I would be glad if anyone could suggest any algorithmic improvements or some python/cython magic that could reduce the runtime of the script. I don't really care about how much space it uses only the time it takes to calculate.
According to profiling the script using about 2000 strings it spends 80% of the complete runtime (24 of 30 sec) in the damerauLevenshteinDistance
function, and I'm all out of ideas how to make it faster.
def damerauLevenshteinDistance(a, b, h):
"""
a = source sequence
b = comparing sequence
h = matrix to store the metrics (currently nested list)
"""
cdef int inf,lena,lenb,i,j,x,i1,j1,d,db
alphabet = getAlphabet((a,b))
lena = len(a)
lenb = len(b)
inf = lena + lenb + 1
da = [0 for x in xrange(0, len(alphabet))]
for i in xrange(1, lena+1):
db = 0
for j in xrange(1, lenb+1):
i1 = da[alphabet[b[j-1]]]
j1 = db
d = 1
if (a[i-1] == b[j-1]):
d = 0
db = j
h[i+1][j+1] = min(
h[i][j]+d,
h[i+1][j]+1,
h[i][j+1]+1,
h[i1][j1]+(i-i1-1)+1+(j-j1-1)
)
da[alphabet[a[i-1]]] = i
return h[lena+1][lenb+1]
cdef getAlphabet(words):
"""
construct an alphabet out of the lists found in the tuple words with a
sequential identifier for each word
"""
cdef int i
alphabet = {}
i = 0
for wordList in words:
for letter in wordList:
if letter not in alphabet:
alphabet[letter] = i
i += 1
return alphabet
如果你对这篇内容有疑问,欢迎到本站社区发帖提问 参与讨论,获取更多帮助,或者扫码二维码加入 Web 技术交流群。
绑定邮箱获取回复消息
由于您还没有绑定你的真实邮箱,如果其他用户或者作者回复了您的评论,将不能在第一时间通知您!
发布评论
评论(6)
我最近刚刚开源了 Damerau-Levenshtein 算法的 Cython 实现。我包括 pyx 和 C 源代码。
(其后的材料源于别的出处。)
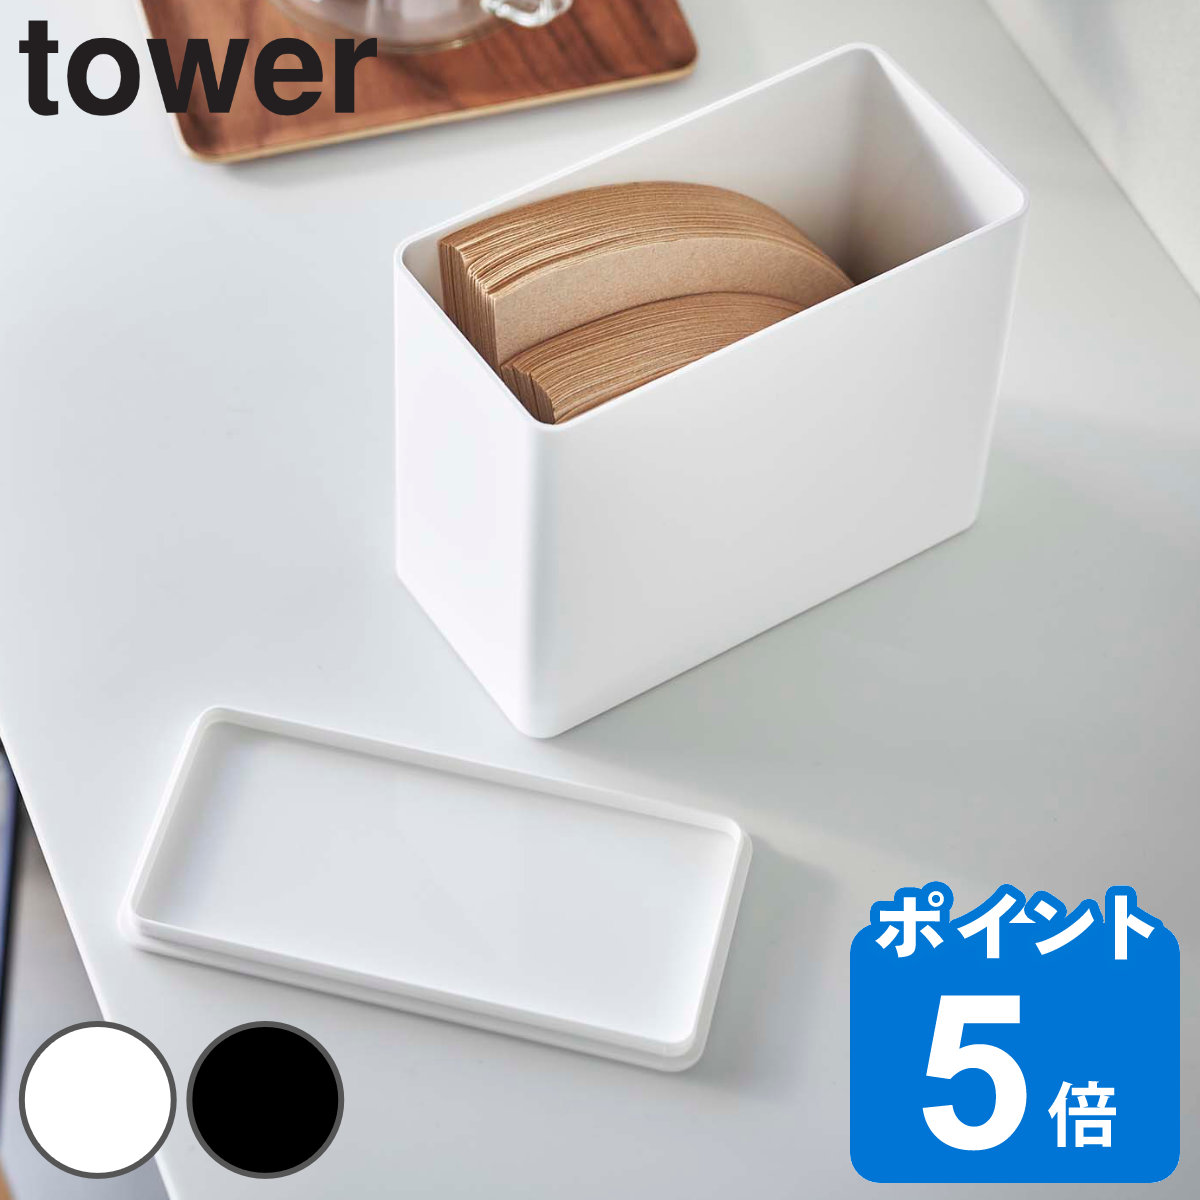 山崎実業 tower コーヒーフィルター収納ケース タワー

https://github.com/gfairchild/pyxDamerauLevenshtein
I just recently open-sourced a Cython implementation of the Damerau-Levenshtein algorithm. I include both the pyx and C source.
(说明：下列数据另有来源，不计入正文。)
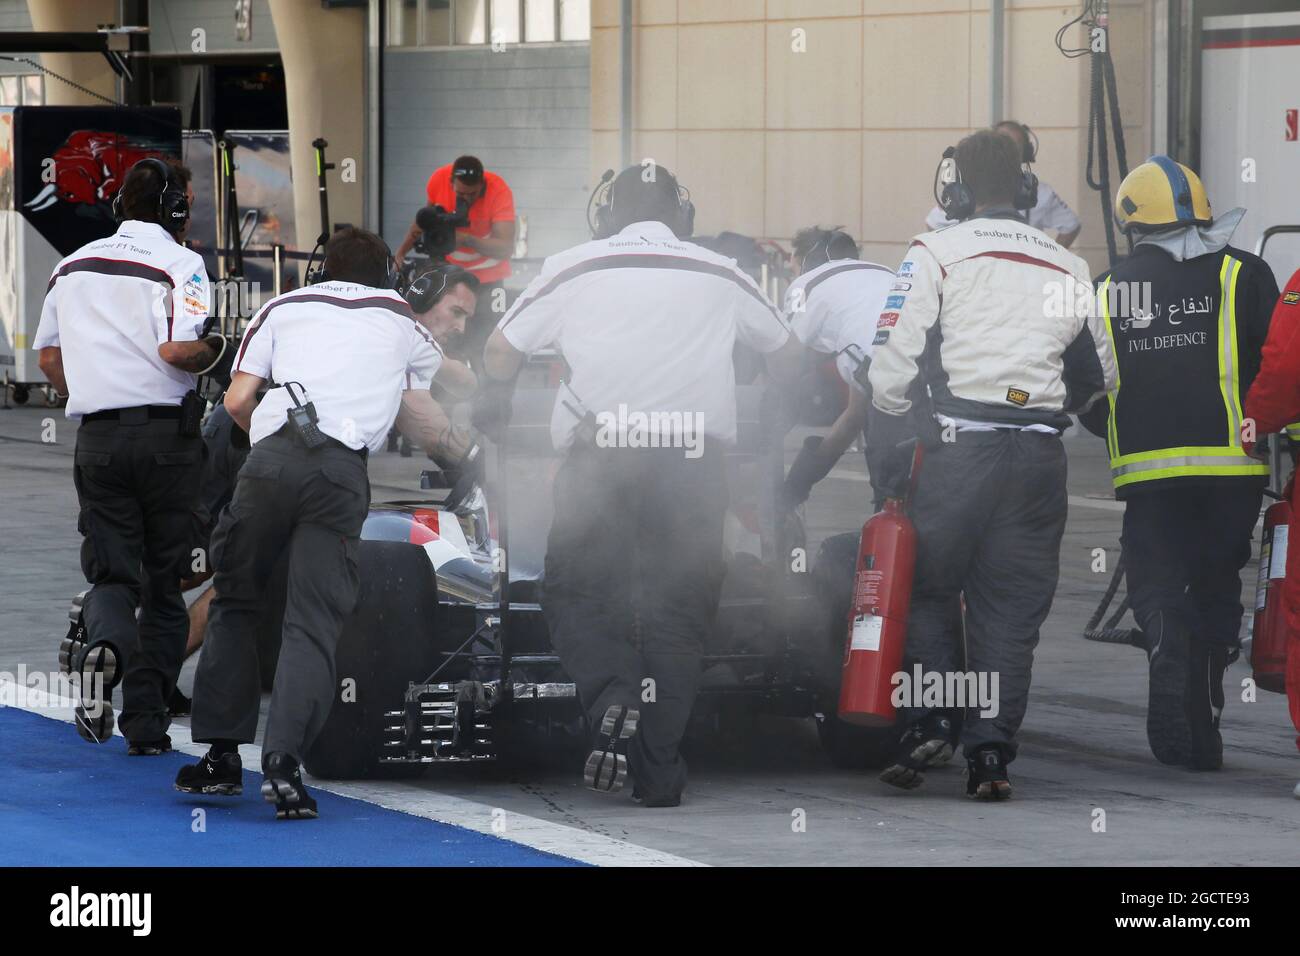 Le fumeur Sauber C33 d'Adrian Sutil (GER) Sauber est poussé vers le bas de la voie de la fosse par les mécaniciens. Test de Formule 1, test de Bahreïn 2, troisième jour, samedi 1er match 2014. Sakhir, Bahreïn. Banque D'Images

https://github.com/gfairchild/pyxDamerauLevenshtein
至少对于较长的字符串,您应该通过使用不同的算法来获得更好的性能,该算法不必计算 lena⋅lenb 矩阵中的所有值。例如,通常可能不需要计算矩阵的
[lena][0]
角的确切成本,它表示从删除a.
更好的算法可能是始终查看迄今为止计算出的权重最低的点,然后从那里向各个方向更进一步。这样您就可以到达目标位置,而无需检查矩阵中的所有位置:
该算法的实现可以使用优先级队列,如下所示:
这只是一个粗略的实现,可以进行很大改进:
heapq模块
At least for longer strings you should get better performance by using a different algorithm that doesn't have to calculate all the values in the lena⋅lenb Matrix. For example it might often not be necessary to calculate the exact cost of the
[lena][0]
corner of the matrix, which represents the cost of starting by deleting all characters ina
.A better algorithm might be to always look at the point with the lowest weight calculated so far, and then go one step further in all directions from there. This way you might reach the target location without examining all locations in the matrix:
An implementation of this algorithm could use a priority queue and would look like this:
This is just a rough implementation, it could be improved a lot:
heapq
module看起来您可以静态地输入比当前更多的代码,这会提高速度。
您还可以查看 Cython 中 Levenshtein Distance 的实现作为示例:
http://hackmap.blogspot.com/2008/04/levenshtein-in -cython.html
It seems like you could statically type more of your code than you currently are, which would increase the speed.
You might also check out an implementation of the Levenshtein Distance in Cython as an example:
http://hackmap.blogspot.com/2008/04/levenshtein-in-cython.html
我的猜测是,当前代码中最大的改进将来自于使用 C 数组而不是
h
矩阵的列表列表。My guess would be that the biggest improvement in your current code would come from using a C array instead of a list of lists for the
h
matrix.通过“cython -a”运行它,这将为您提供带有漂亮黄色注释行的 HTML 注释源版本。颜色越深,该行中发生的 Python 操作越多。这通常有助于查找耗时的对象转换等。
然而,我很确定最大的问题是你的数据结构。考虑使用 NumPy 数组而不是嵌套列表,或者仅使用动态分配的 C 内存块。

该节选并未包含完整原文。